When it rings for the ninth time in a row, he gives in.

"Fine, I will go out with you!"

"...William?" his mother greets him. "You made friends?" She can't keep the excitement from her voice.

"Sorry, mom, I thought you were someone else," he mumbles, flipping his phone closed.

It is then that he hears a loud cough, followed by a happy, "William Beckett, I am so glad you finally see things my way." William turns to see Gabe a few tables back, a smirk on his face. "See you Sunday night, baby," Gabe says, swaggering over to William's table. He leans towards William, flicks his tongue across William's ear, and whispers, "You are so gonna get laid."

---
If William's being honest, he hasn't gotten laid since junior year of high school. Now a sophomore in college, the idea of Gabe above him, sweaty, eyes closed, screaming his name, is more than just a turn on.

However, when Gabe pulls up in front of a carnival, all those thoughts William had begrudgingly allowed himself to think disappear.

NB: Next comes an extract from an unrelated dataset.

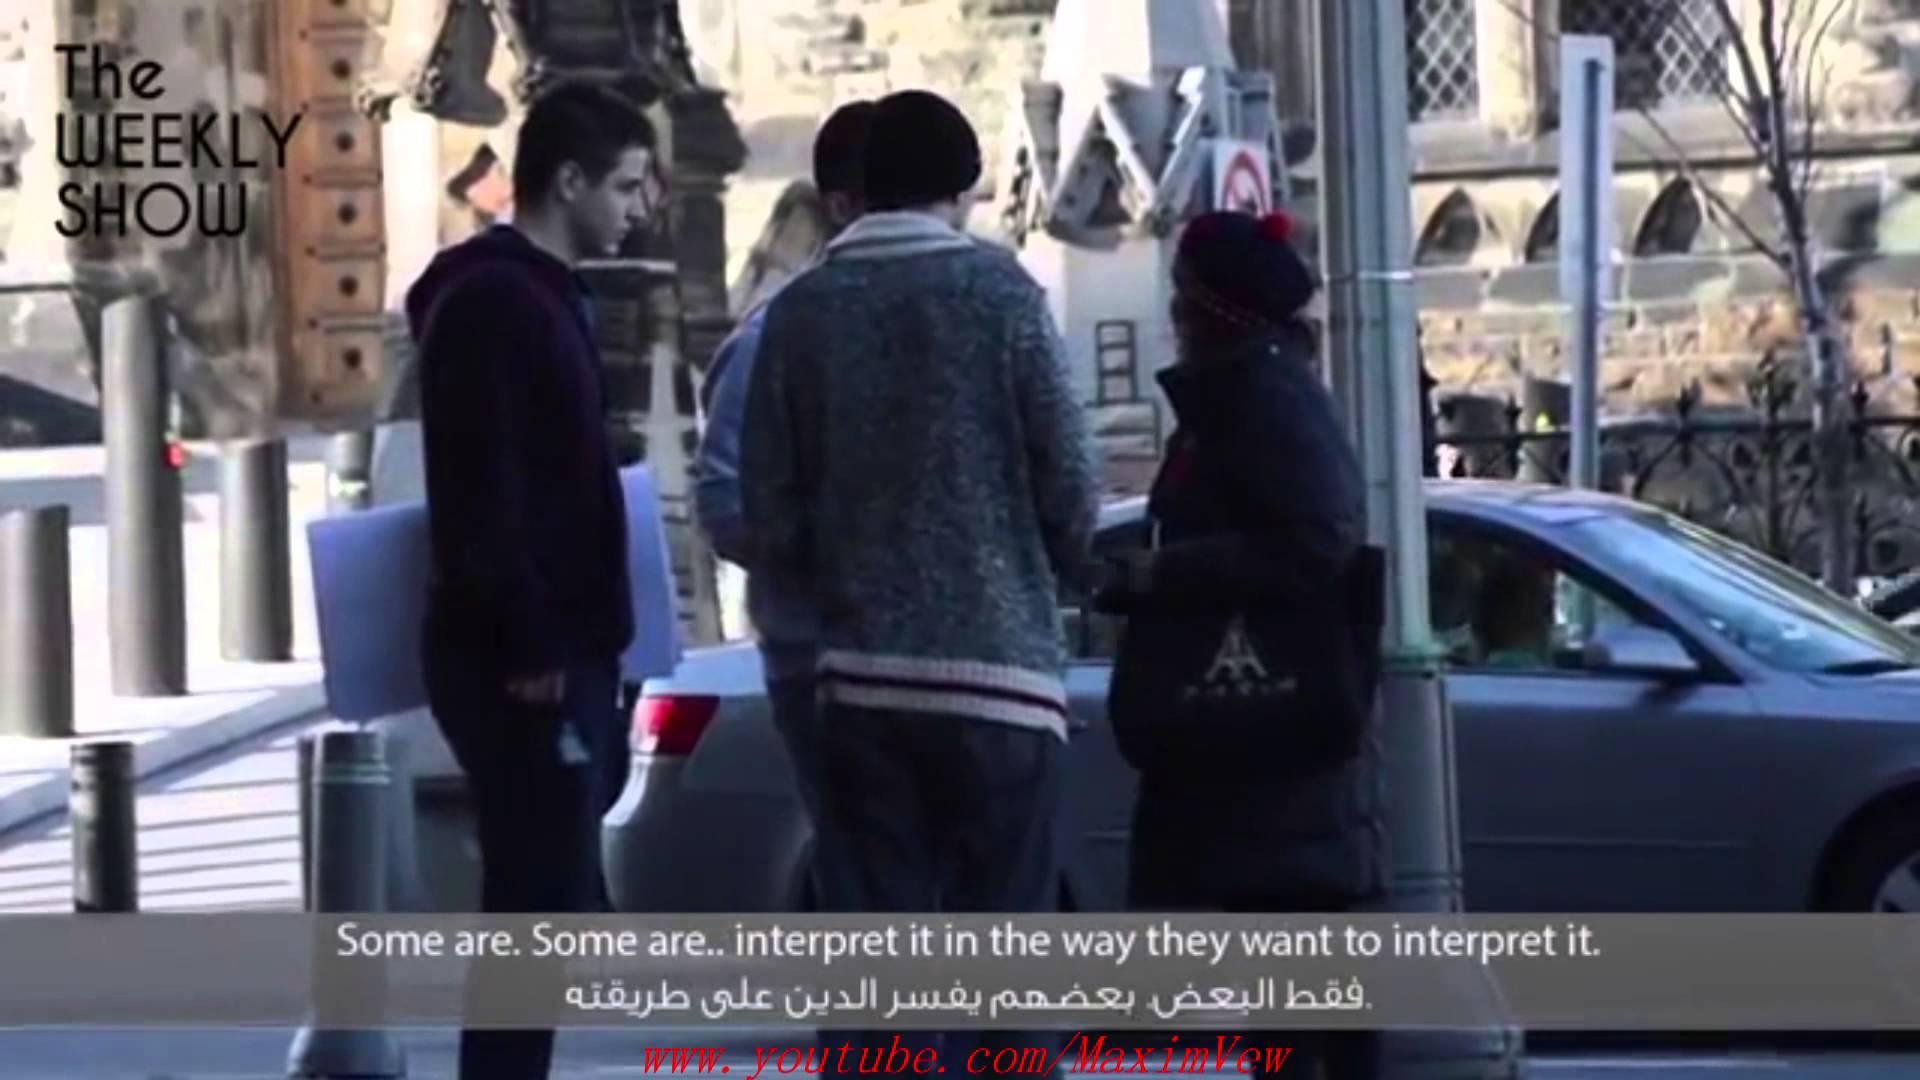 رد فعل الكنديين بعد رفع شعارات معادية للإسلام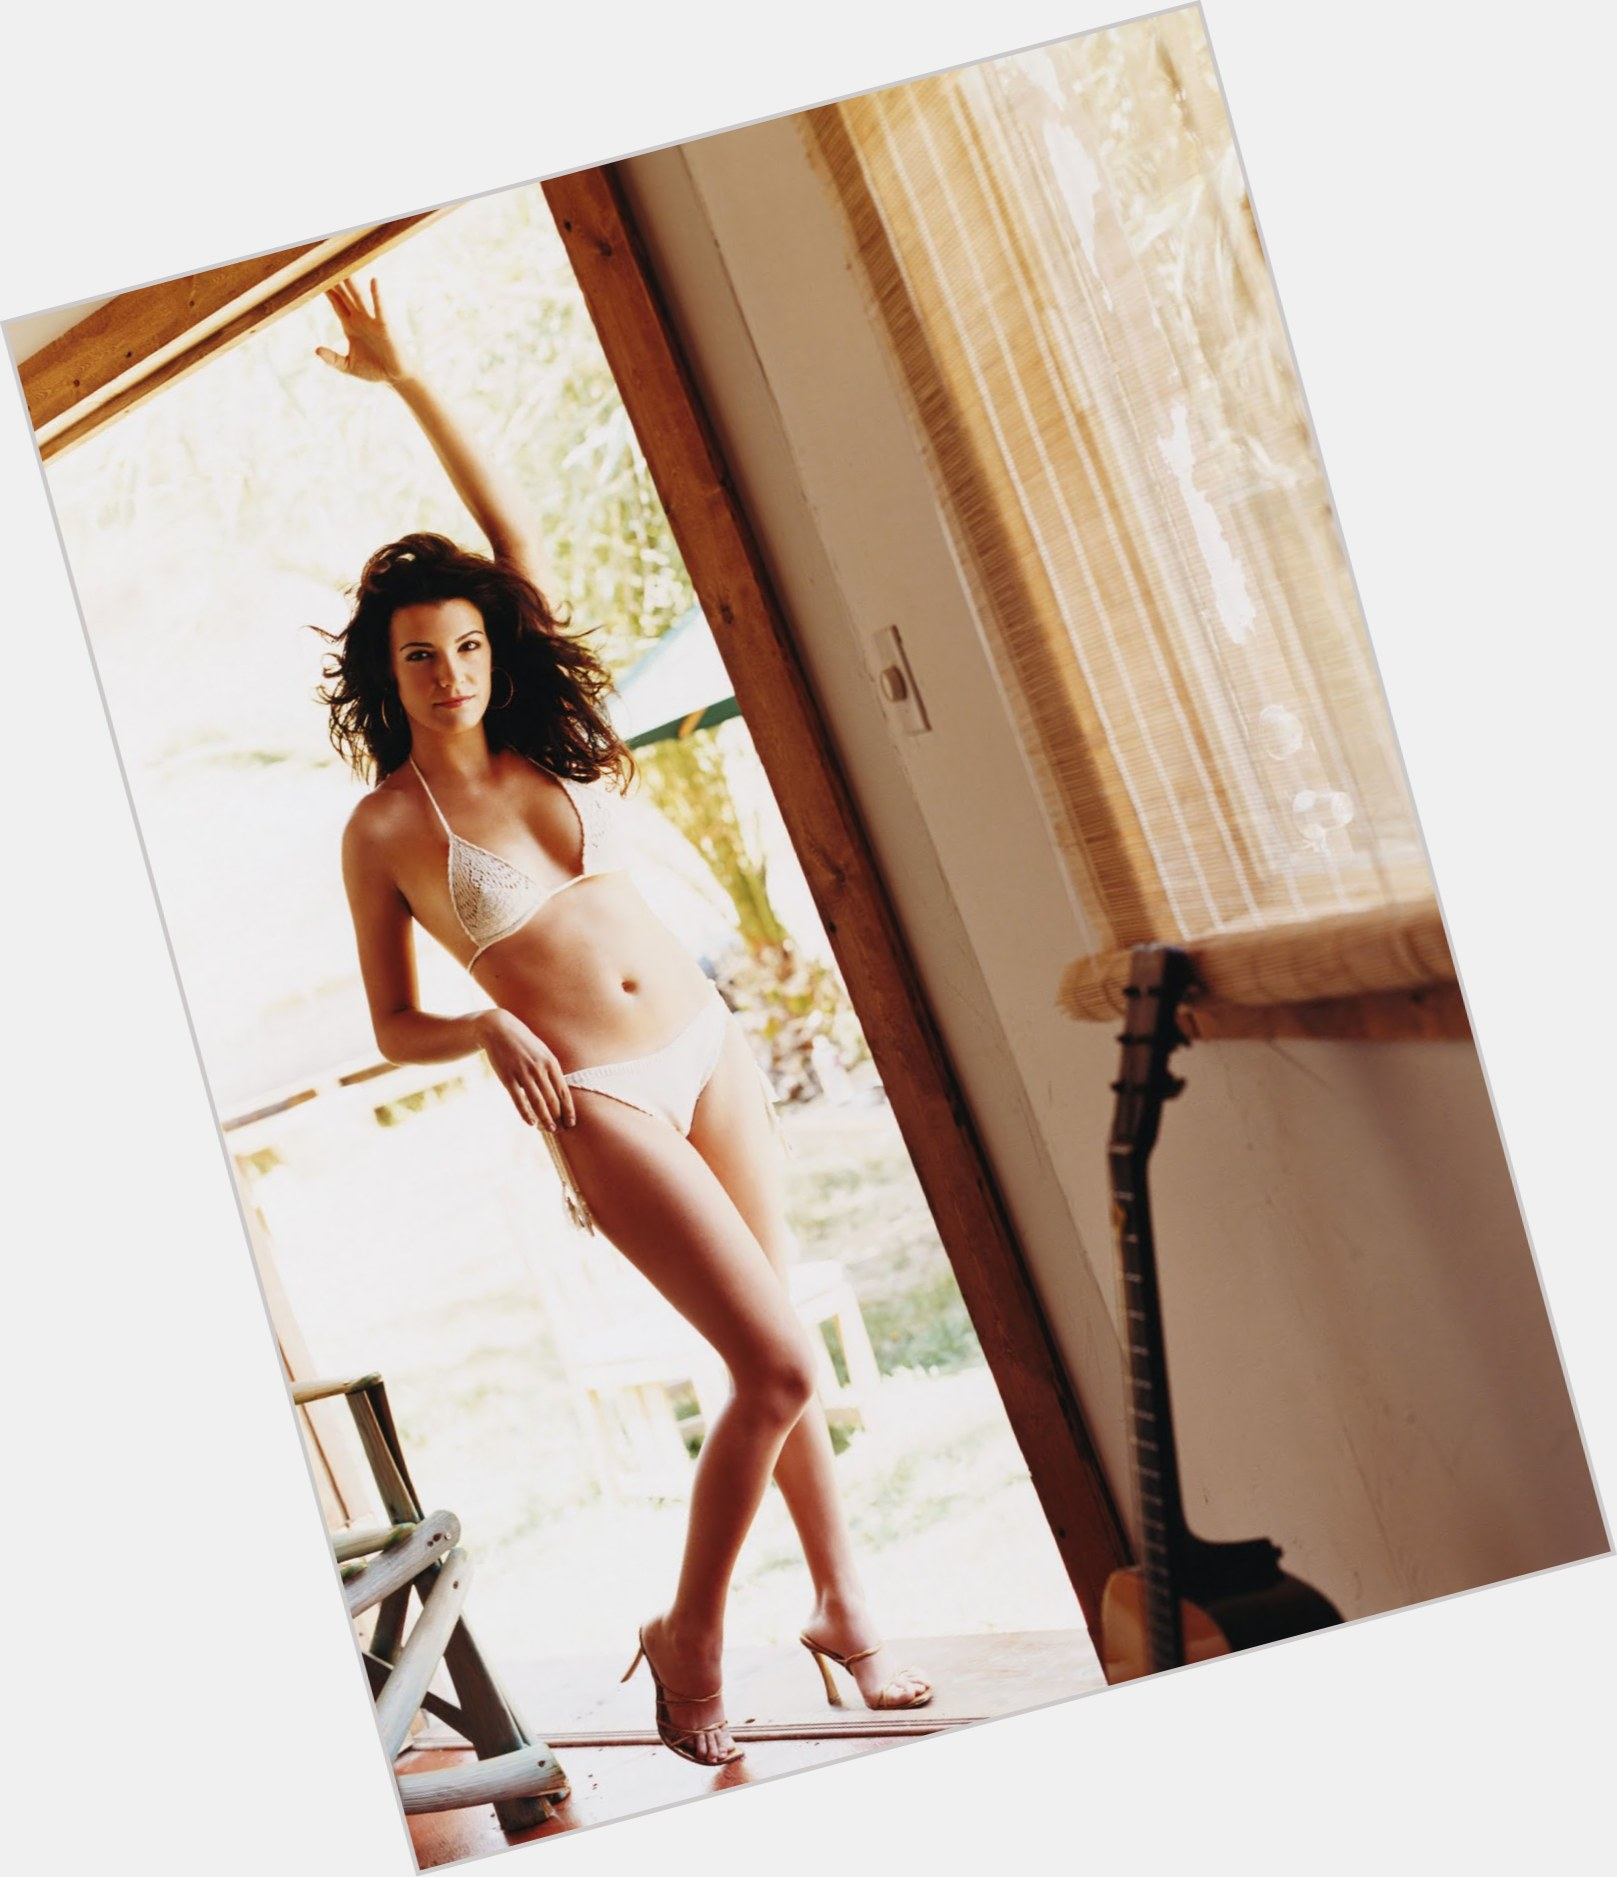 Cigliuti Natalia Nude Xxx 5

The Ferris Wheel.

"Gabe," William warns when Gabe opens the car door for him, "I'm not going on the Ferris Wheel. Nor am I going on the Swinging Ship, or any roller coasters, or anything that flips upside down. I don't want to die, are you trying to kill me by bringing me here?"

Gabe takes William's hand, helps him out of the car and says, "Don't worry, we'll take it real slow." When William raises his eyebrows, Gabe just smirks and pulls him towards the entrance.

As it turns out, Gabe's idea of slow is William's idea of way above the speed limit. They start out on the swings, and true, they're not that bad, but William was thinking more along the lines of a merry-go-round.

"Gabe," William whispers as the ride attendant goes around checking everyone's seat restraints. "Gabe, don't read too far into this, but please hold my hand." Gabe doesn't even question it, just laces his fingers tightly with William's and smiles to the seat in front of him as the ride takes off.

It isn't so bad at first, the initial few loops keep them low to the ground and relatively straight. But after thirty seconds or so, they're higher and faster and titled at an angle and the ride attendant is yelling up to them. Something about hands inside the swing at all times.

William shoots a death glare at Gabe and growls, "Don't you dare let go." Gabe will later say he couldn't hear William over the sound of the wind whooshing in his ears, and he just smirks before he pulls his fingers from William's iron grasp, and goes shooting out to the left.

William's first thought when he sees Gabe go flying is, Holy shit! followed by, Oh my God! and then he ends on a lighter note with, No dick tonight. But Gabe is laughing, or at least it looks like that. He could be choking. ...Or crying. Or both, but most likely that's just William.